Team Briefing

Huddle Mode

A real-time voice conversation with Mem. Like calling an assistant who already knows your world.

Our goal: ship a real-time voice conversation with Mem that feels like calling a human assistant who already knows our whole world — fluent recall in the moment, brain-dump capture without blocking, and heavier work executed during and after the call via the agent's full tool set.

How to read this: top sections are the briefing; lower sections add depth. The async execution model (the pillar we get into next) is the non-obvious crown jewel of this concept — we should make sure we've all internalized it before we start scoping.


TL;DR

Why this matters

Voice Mode today is well-received but constrained — we can only use it inside a specific note, and it can really only create or edit content within that note. What users actually want is to use their voice to interact with their entire Mem — not just a single note they're already sitting inside.
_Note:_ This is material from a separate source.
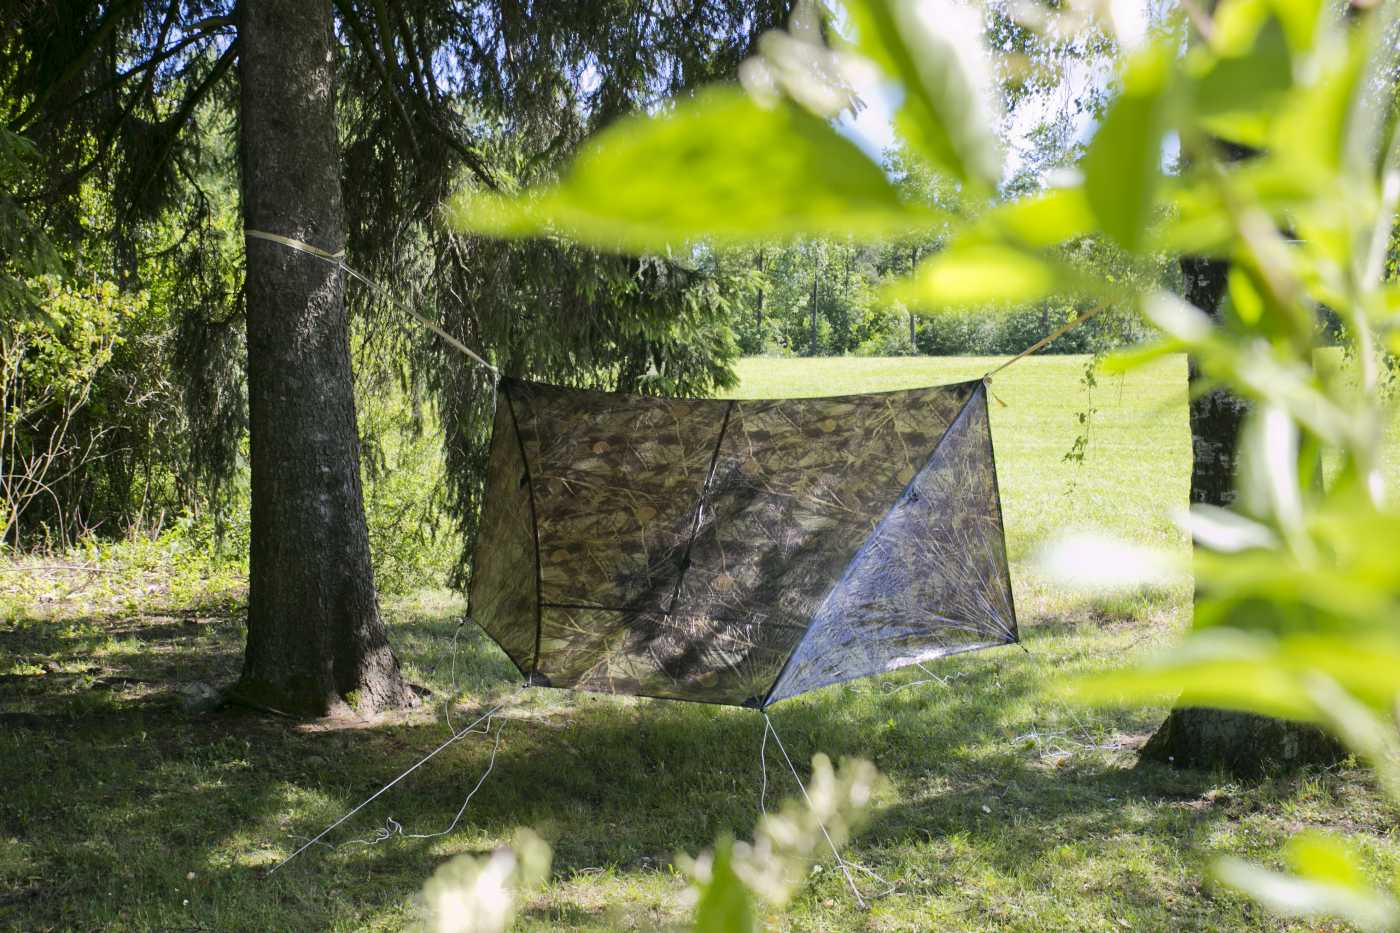 The 90 Degree Tarp-Tent is available in camo, too
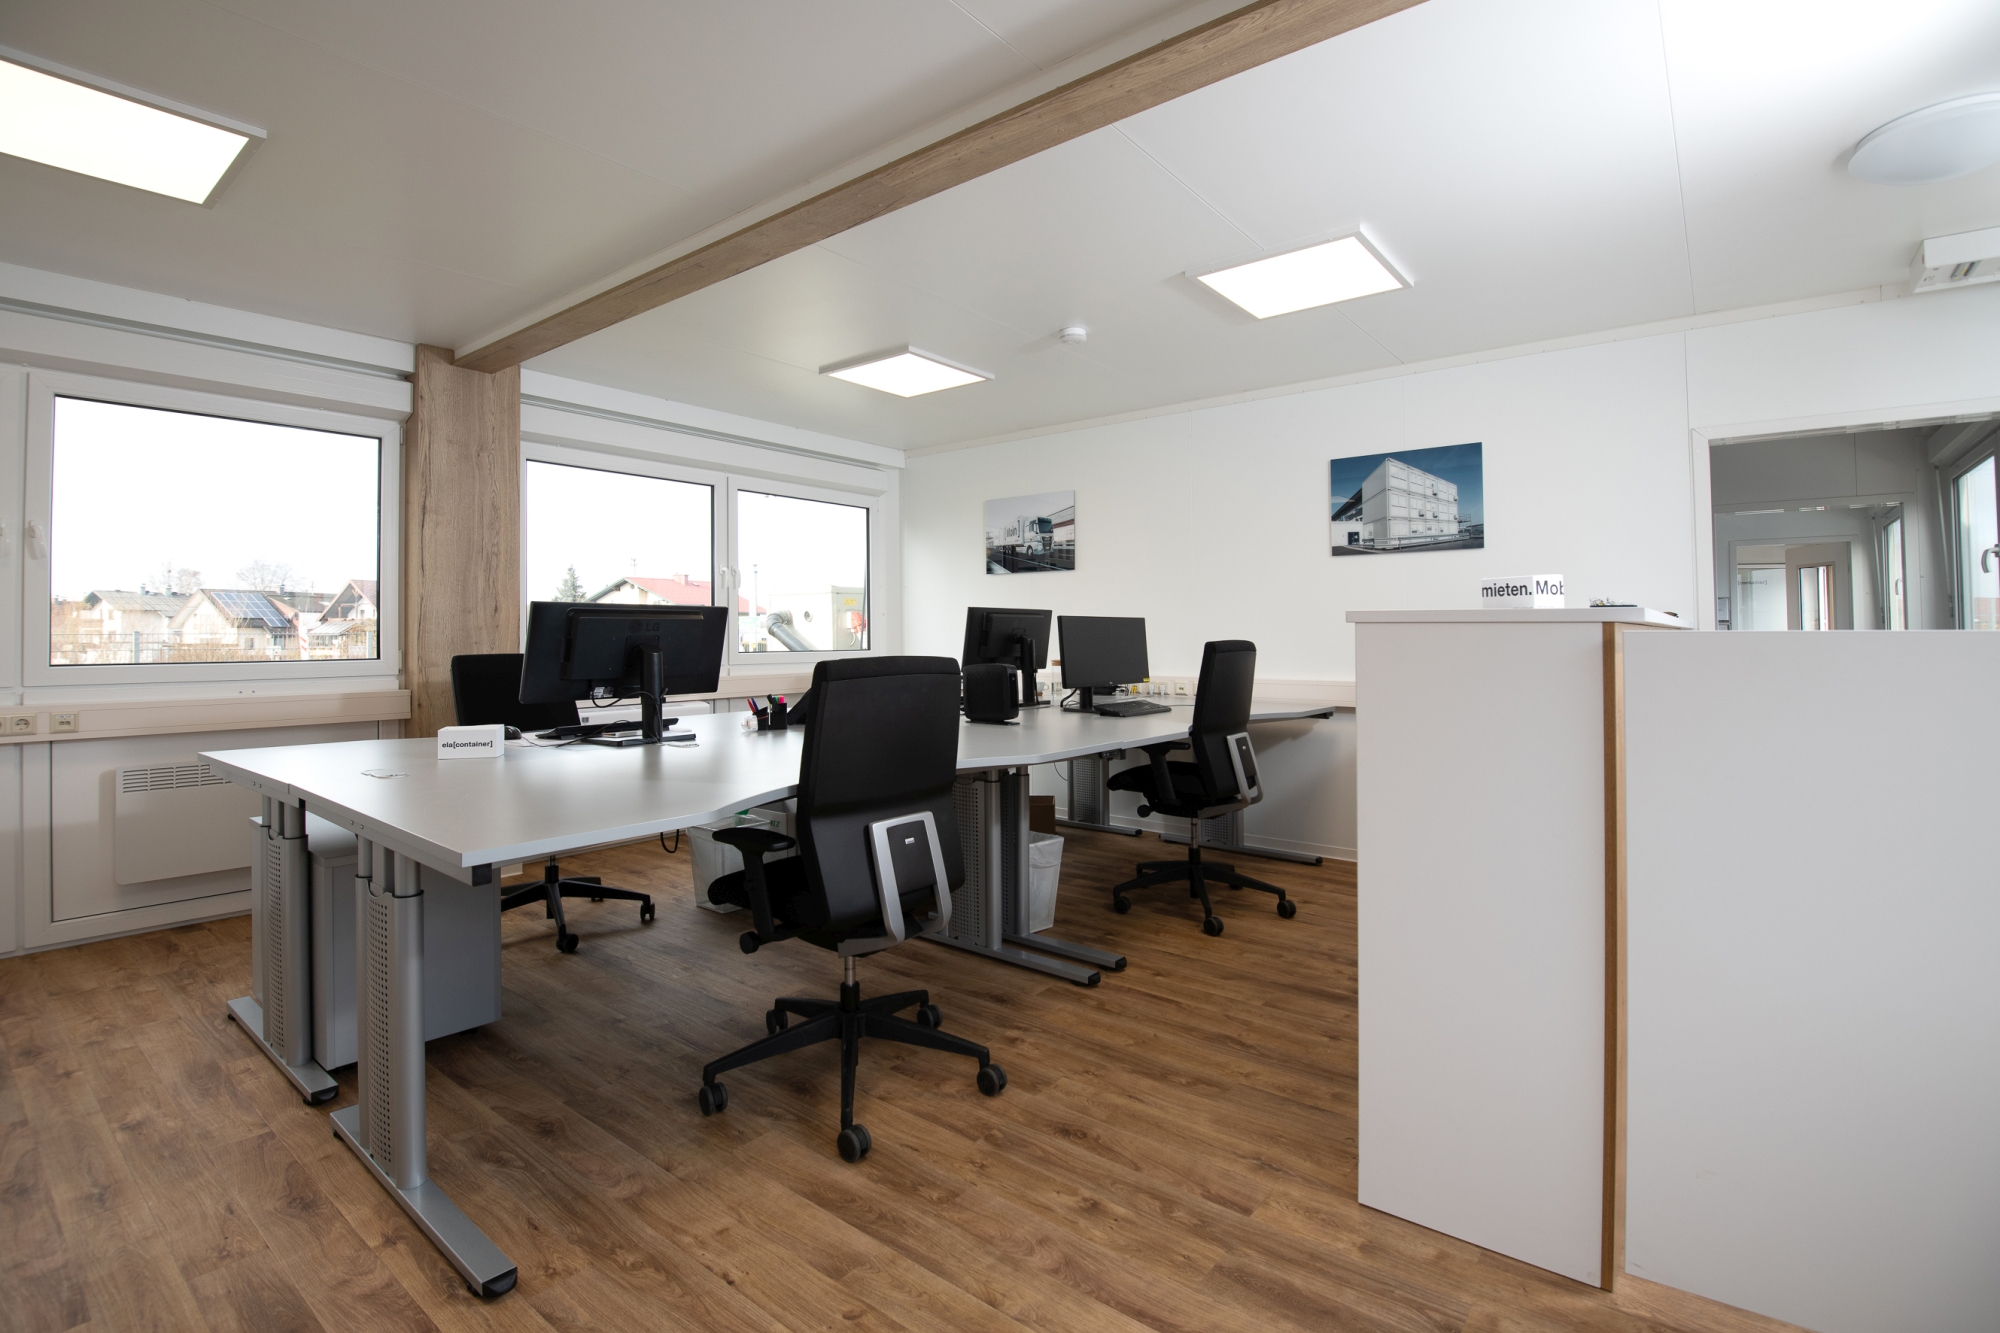 The three-metre-wide premium modules also serve as bright and friendly office spaces for ELA employees in Austria.

Huddle is the up-level: voice as the interaction surface for the whole product, not a dictation helper inside one file. Another way to say it: we already have great value propositions (Mem Agent's search + research + memory, Mem Chat's conversational intelligence, proactive recall via Heads Up); Huddle is the medium that exposes all of that through a new modality. Becoming multimodal is how we meet the user where they are — driving, walking between meetings, running errands, AirPods in.

The ICP skews toward busy operators whose work happens in motion. Voice is the interaction pattern that fits their life. A real-time conversation with an AI that already knows their world is dramatically higher-bandwidth than typed chat, and completely different from any generic voice assistant they've used.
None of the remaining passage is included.